Before, we had to win for the government, for politics, for communism. The freedom we now have can lead us to making very good money for ourselves. Now we can reap what we sow. Now, if I win, I become a famous person, I become a rich person. All athletes respond to this motivation.
Triple gold-medal-winning Russian swimmer
No longer does a grim parade of political robots pour out of Mother Russia and the other republics of the old U.S.S.R. at Olympic time, declaring allegiance to communism and offering gratitude for the small rewards that the Soviet system gave its superstars—drab apartments, inferior cars, a handful of rubles. Now, six years after perestroika first struck, a new generation of wannabe capitalists stormed into Barcelona, determined to take full advantage of their homelands' brave new world of economic freedom.
Last week the two brightest young swimmers on the talented Unified Team, Aleksandr Popov and Yevgeny Sadovyi, racked up seven medals between them, after which they instantly became Exhibits A and B in the ongoing conversion of former Soviet athletes from tools of a totalitarian state to ambitious players in the world of free markets and profit motives.
You could call them the Perestroika Twins, but they are far from identical. Sadovyi, 19, is the bald and boyish one, the gold medalist in the 200- and 400-meter freestyles and the 4 X 200 freestyle relay. Popov, 20, is blindingly handsome, standing a perfectly molded 6'6" and possessing a superstar smile that has more than a hint of Magic in it. He won gold in the 100 and 50 frees, plus silver in the 4 X 100 free and the 4 X 100 medley relays.

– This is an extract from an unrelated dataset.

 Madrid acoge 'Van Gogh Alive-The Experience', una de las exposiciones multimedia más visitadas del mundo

Wildly different as they are in looks and demeanor, the unmatched pair holds exactly the same exalted opinion of free-market economics. "I am a child of perestroika," declares Popov. "It gave me a chance to be my best."
Like all members of the Unified Team, both swimmers received $3,000 from the Russian Olympic Committee for each gold medal and $2,000 for each silver—meaning $9,000 for Sadovyi, $10,000 for Popov. Such amounts are a windfall in Russia's desperate economy. Both athletes also anticipate an abrupt leap in income from international commercial sponsors and meet promoters. When he is asked whether that leap might double or triple his income, Popov thought for several moments and then said softly, "No, I think maybe it increases 10 times." Also included in Popov's immediate financial future is a healthy payday when he competes in France on Aug. 12 at a meet for supersprinters that will include Matt Biondi and Tom Jager of the U.S., Popov's upset victims in the 50-meter free.

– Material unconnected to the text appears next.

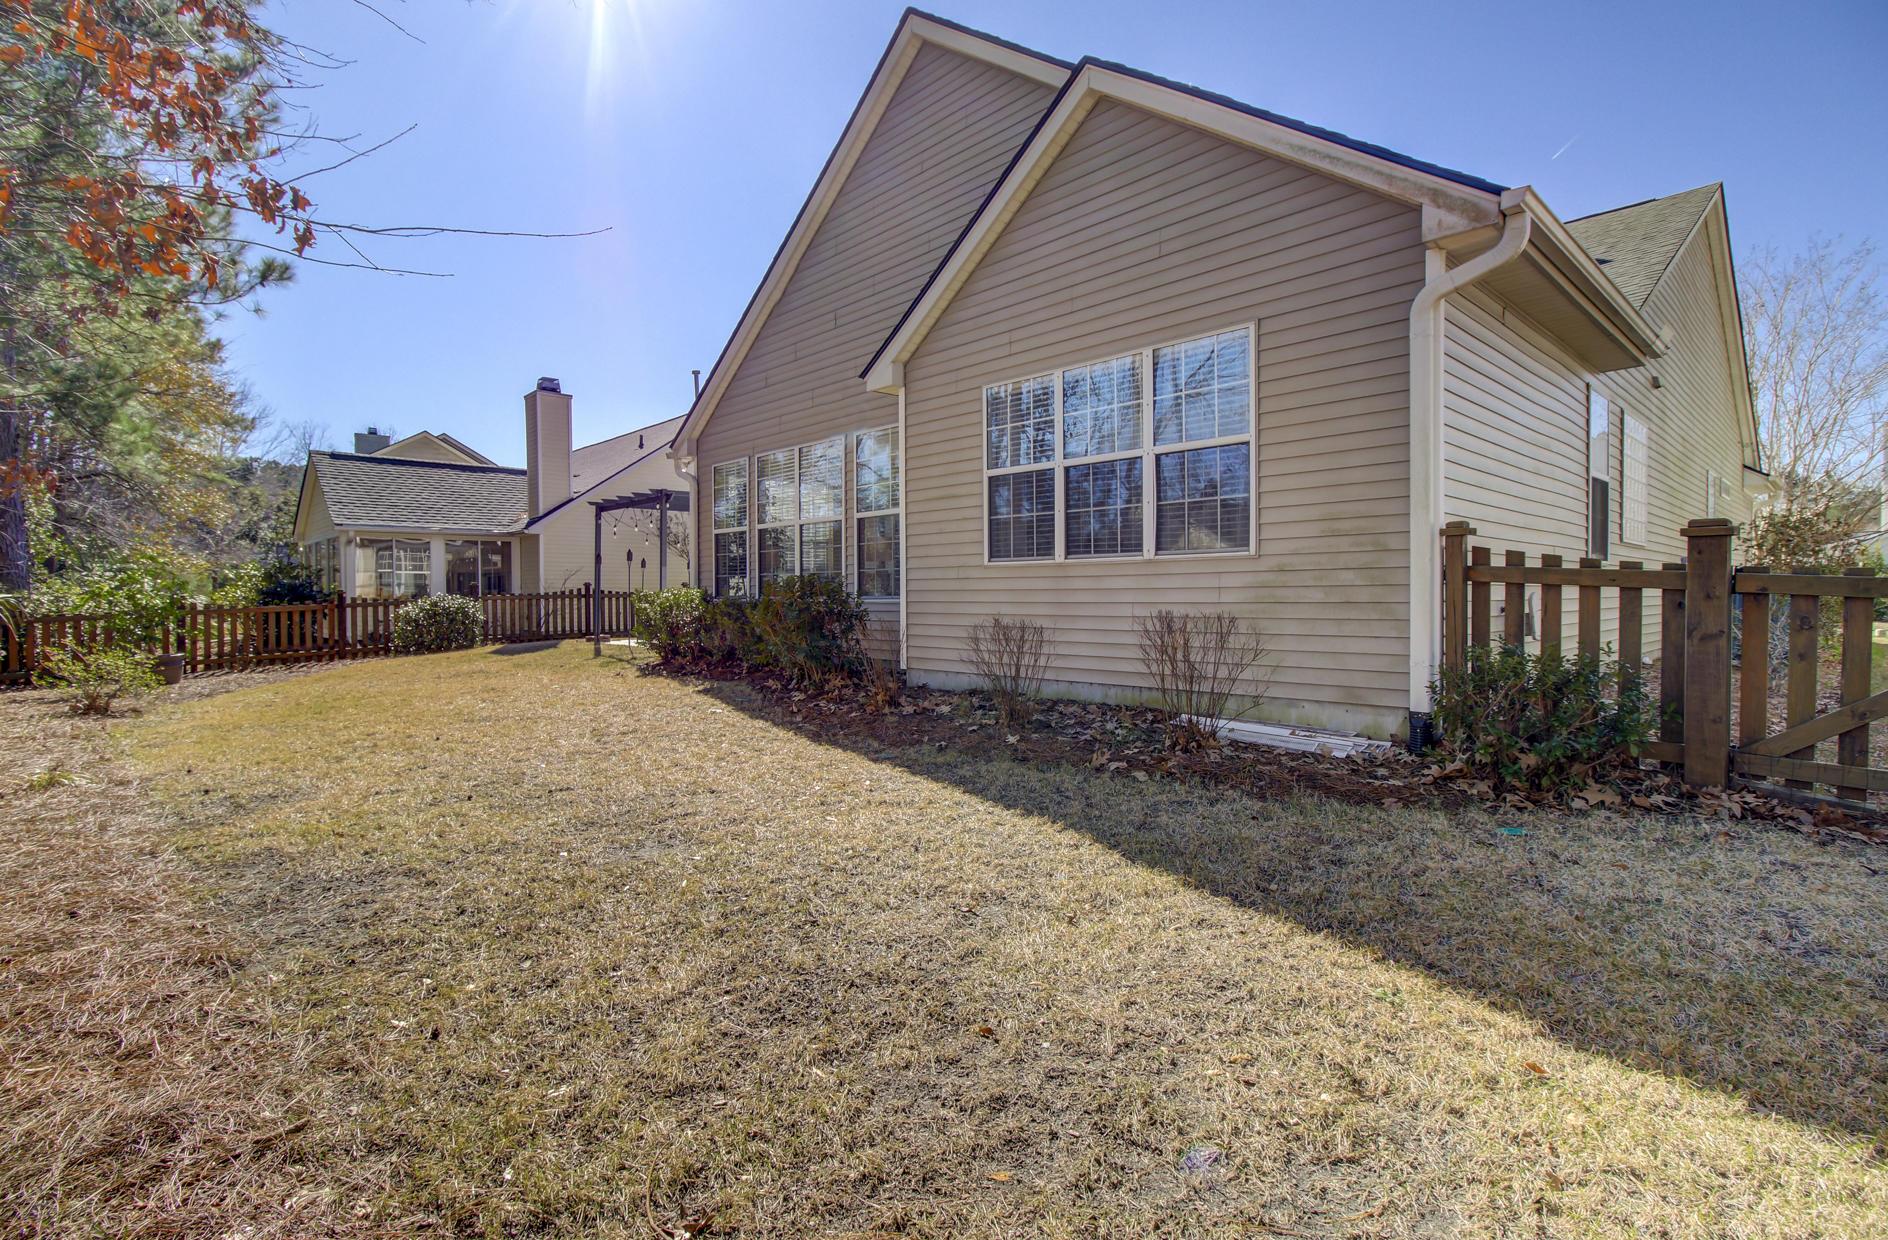 Park West Homes For Sale - 1497 Endicot, Mount Pleasant, SC - 10

And what of some Biondi-sized fees for making television ads? Alas, there is no such thing in Russia. Vladimir Geskin, editor of Sport Express, a national newspaper published in Russia, says, "There are tons of commercials on our TV now, but athletes have never been used in them. Sexy women, yes, advertise for banks and to sell everything from lumber to barrels of fish, but never sports stars, even though my country is sports crazy."
Mired deep in an economic gloom caused by a plummeting ruble, rising inflation and other wrenching side-effects of the transition to a market economy, the people of the former Soviet Union have had heavier matters weighing on their minds. But there have been reports that the television coverage of the Olympics in the Commonwealth of Independent States was raising morale. Yet Aleksandr Pesov, a veteran swimming writer for the Russian Information Agency, agrees that Sadovyi and Popov must look outside their own country for the big money: "Because of the bad economy at home, I think Popov and Sadovyi will have to take advantage of Western sponsors. This generation of athletes is much more clever than previous ones. They will learn how to make money from Olympic medals."
Maybe so. But as of last week, neither Popov nor Sadovyi had received any substantial offers from international sponsors. And neither had signed with an agent. Yet they are clearly young men on the rise, full of themselves, a pair of heretofore unknown kids who are suddenly giving interviews to Paris Match and Japanese television crews. They have burst with great charm upon the world—and they've come a long way to do it.